Ms. Rivarde testified that Defendant was her second cousin. She said that
she was at church when Defendant arrived and loudly stated that he was “looking
for his momma,” also known as his “Auntie Sandra.” Because Defendant was
being disruptive, Ms. Rivarde went outside with Defendant and told him that his
Auntie Sandra was not at church. Upon hearing this, Defendant admitted that he
had done “something bad” and “he kept on asking for Sandra.” Pursuant to Ms.
Rivarde’s inquiries, Defendant repeatedly told her that he had shot Beverly, the
victim, and was “going to go to jail for life.” Ms. Rivarde called family members
and placed a 911 call after learning what Defendant had done.

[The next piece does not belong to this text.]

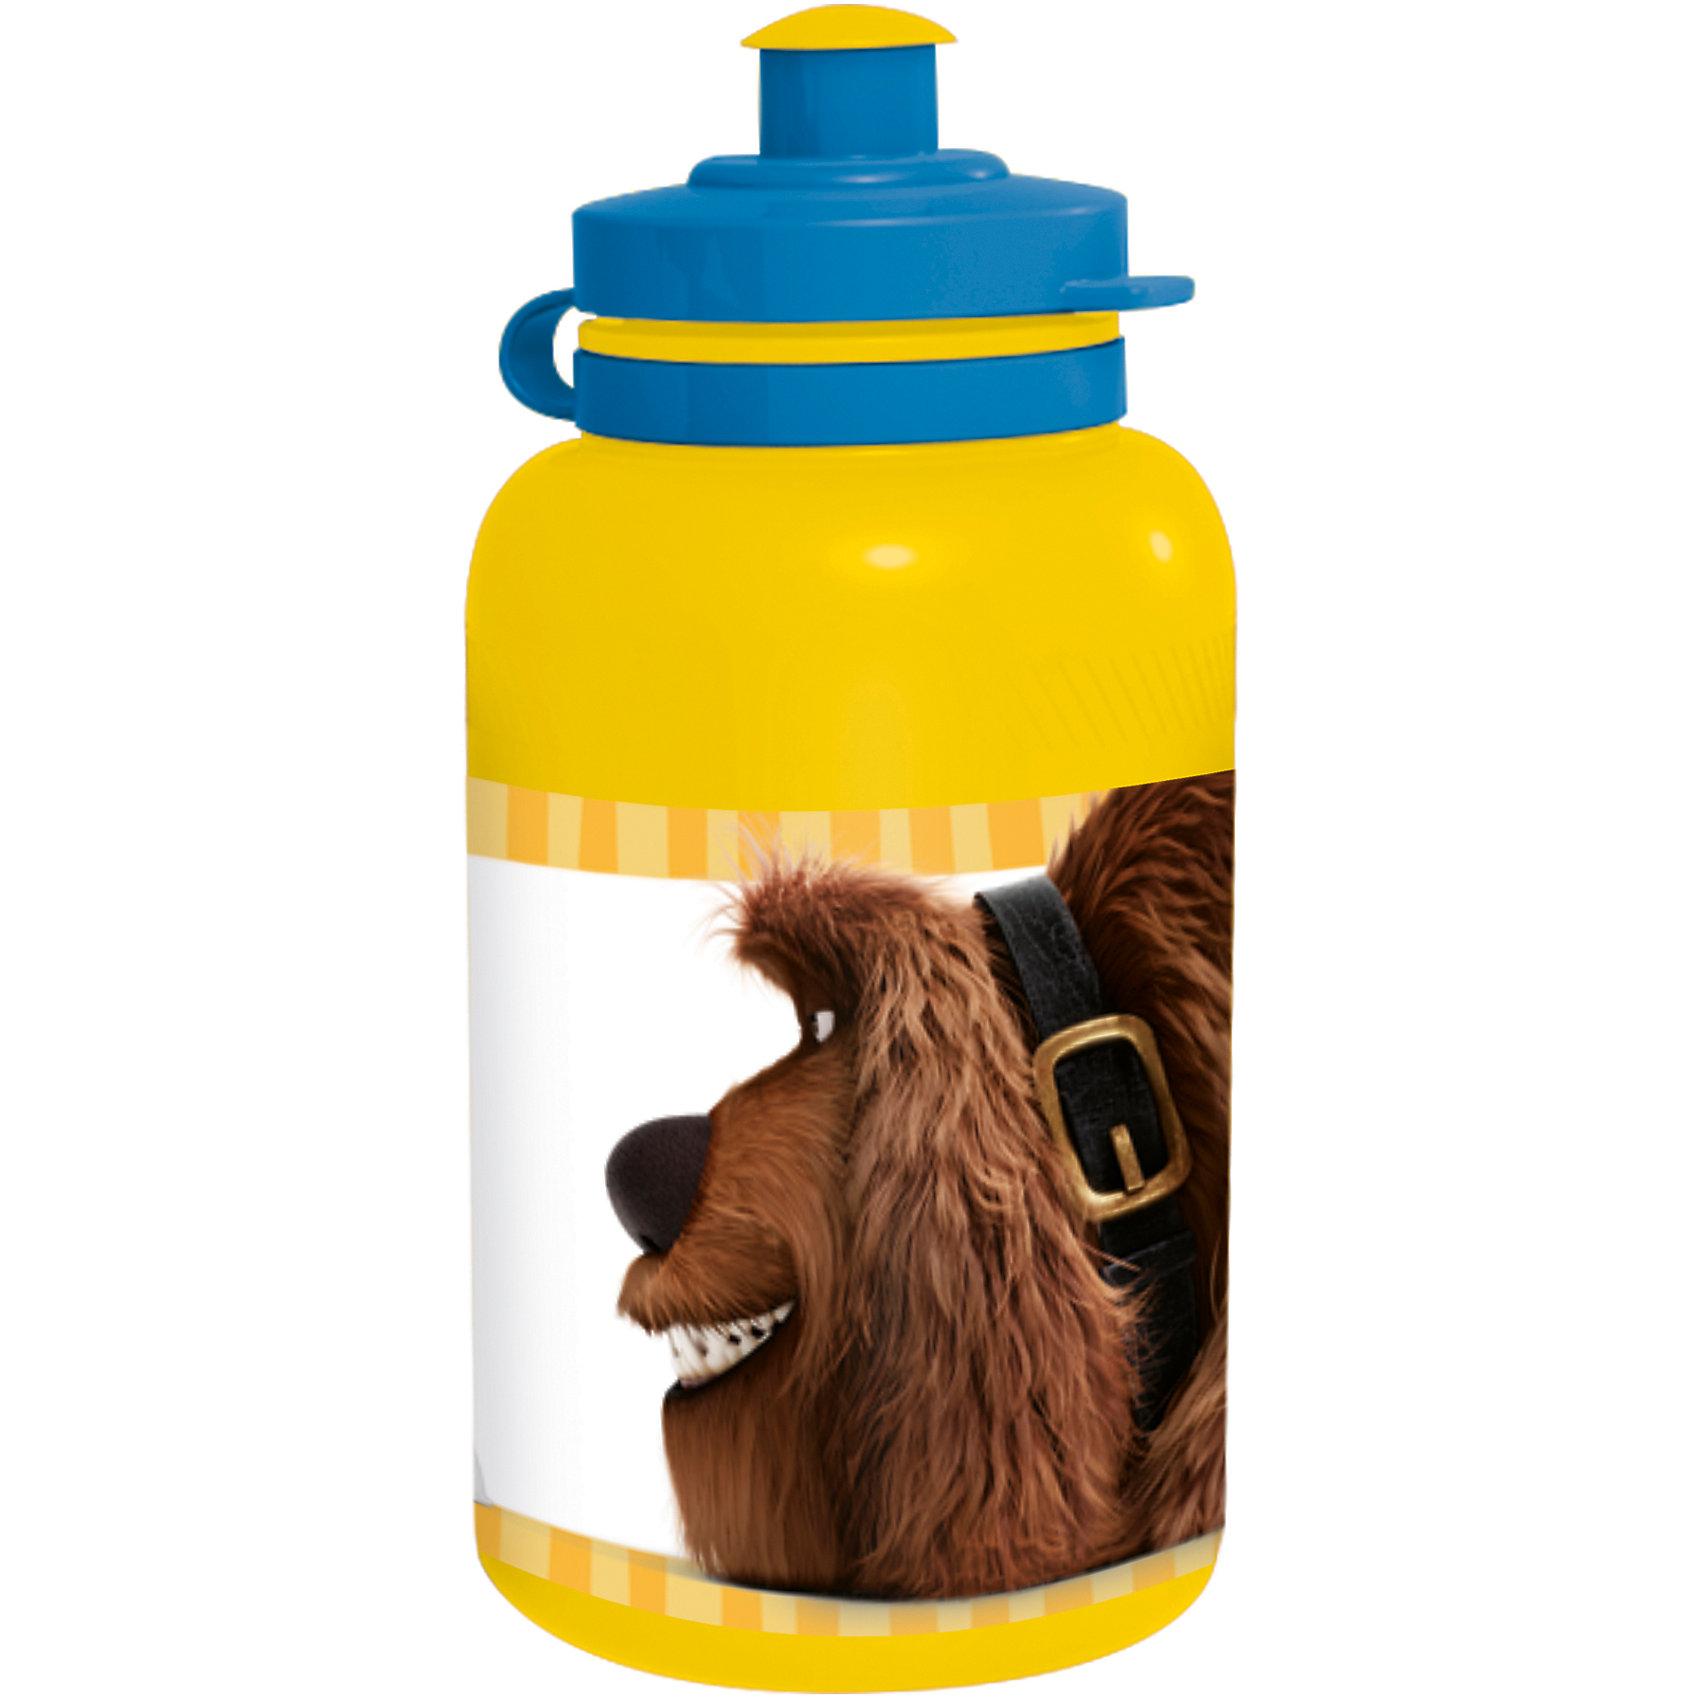 Бутылка пластиковая Тайная жизнь домашних животных 400 млБутылки для воды и бутербродницы<br>Характеристики товара:<br><br>• материал: пластик<br>• украшена рисунком<br>• размер: 6,5х6,5х15 см<br>• вес: 40 г<br>• объем: 400 мл<br>• страна бренда: Испания<br>• страна производства: Китай<br><br>Такая бутылка станет отличным подарком для ребенка! Она отличается тем, что на предмете изображены персонажи из мультфильма Тайная жизнь домашних животных. Есть или пить из предметов с любимым героем многих современных детей - всегда приятнее. Бутылочка очень удобна, объем оптимален для детей, сюда как раз вместится необходимый для одной тренировки объем воды. Плюс - изделие дополнено специальной крышкой. Использовать его можно и в школе, и на улице!<br>Бутылка выпущена в удобном формате, размер - универсальный. Изделие производится из качественных и проверенных материалов, которые безопасны для детей.<br><br>Бутылку пластиковую Тайная жизнь домашних животных 400 мл можно купить в нашем интернет-магазине.<br><br>Ширина мм: 65<br>Глубина мм: 65<br>Высота мм: 150<br>Вес г: 40<br>Возраст от месяцев: 36<br>Возраст до месяцев: 108<br>Пол: Унисекс<br>Возраст: Детский<br>SKU: 5282074
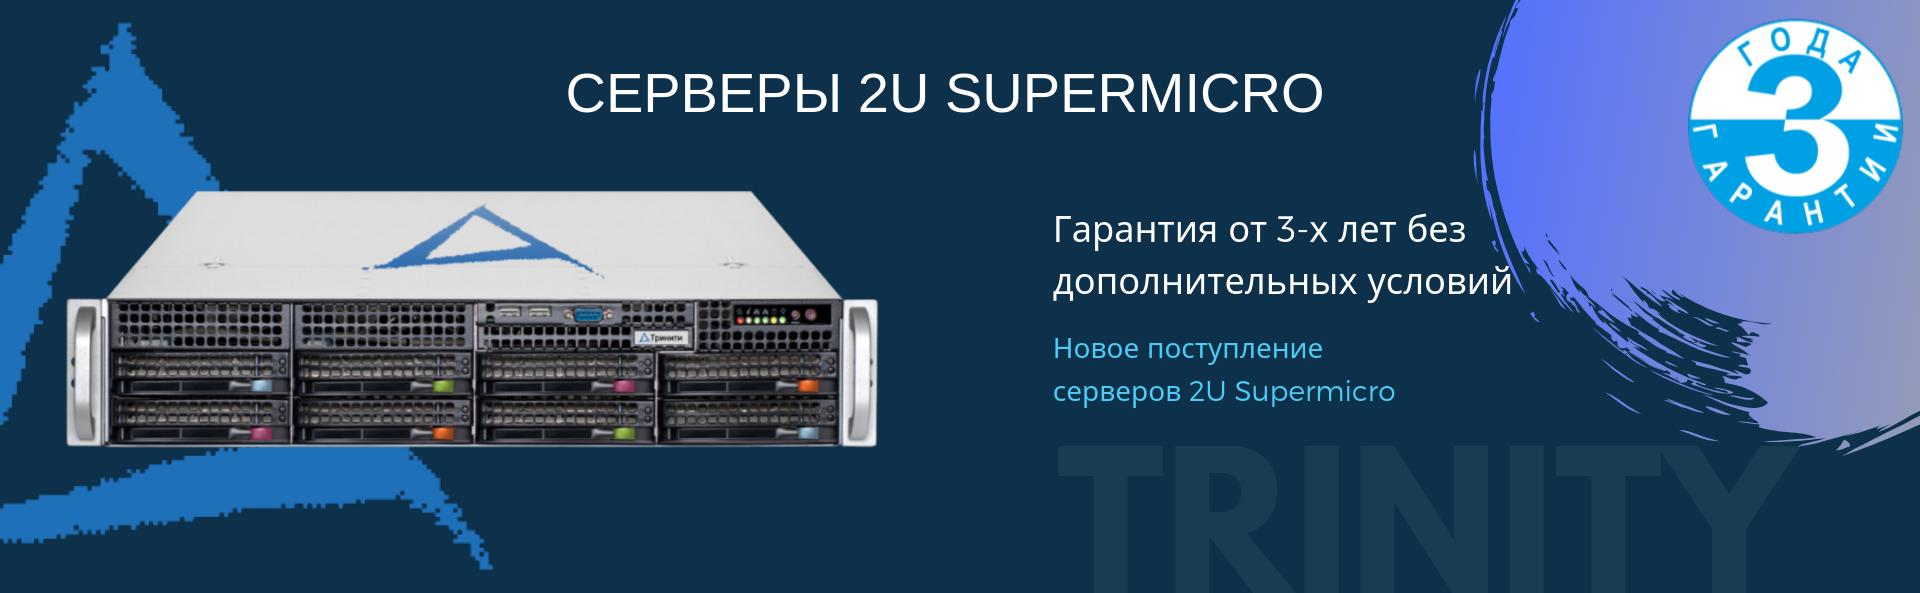 Серверы 2U

Following the 911 call, Ms. Rivarde said Defendant started pacing and
seemed nervous. Ms. Rivarde tried to calm Defendant so that he would not leave
3 the scene. Thereafter, Ms. Rivarde observed Defendant retrieve a gun from a
garbage can and drive away in the victim’s vehicle. Ms. Rivarde said that
Defendant returned approximately two minutes later; however, she no longer saw a
gun in his possession. Ms. Rivarde stated that she had never thought of Defendant
as a person with a mental disease during the time that she has known him.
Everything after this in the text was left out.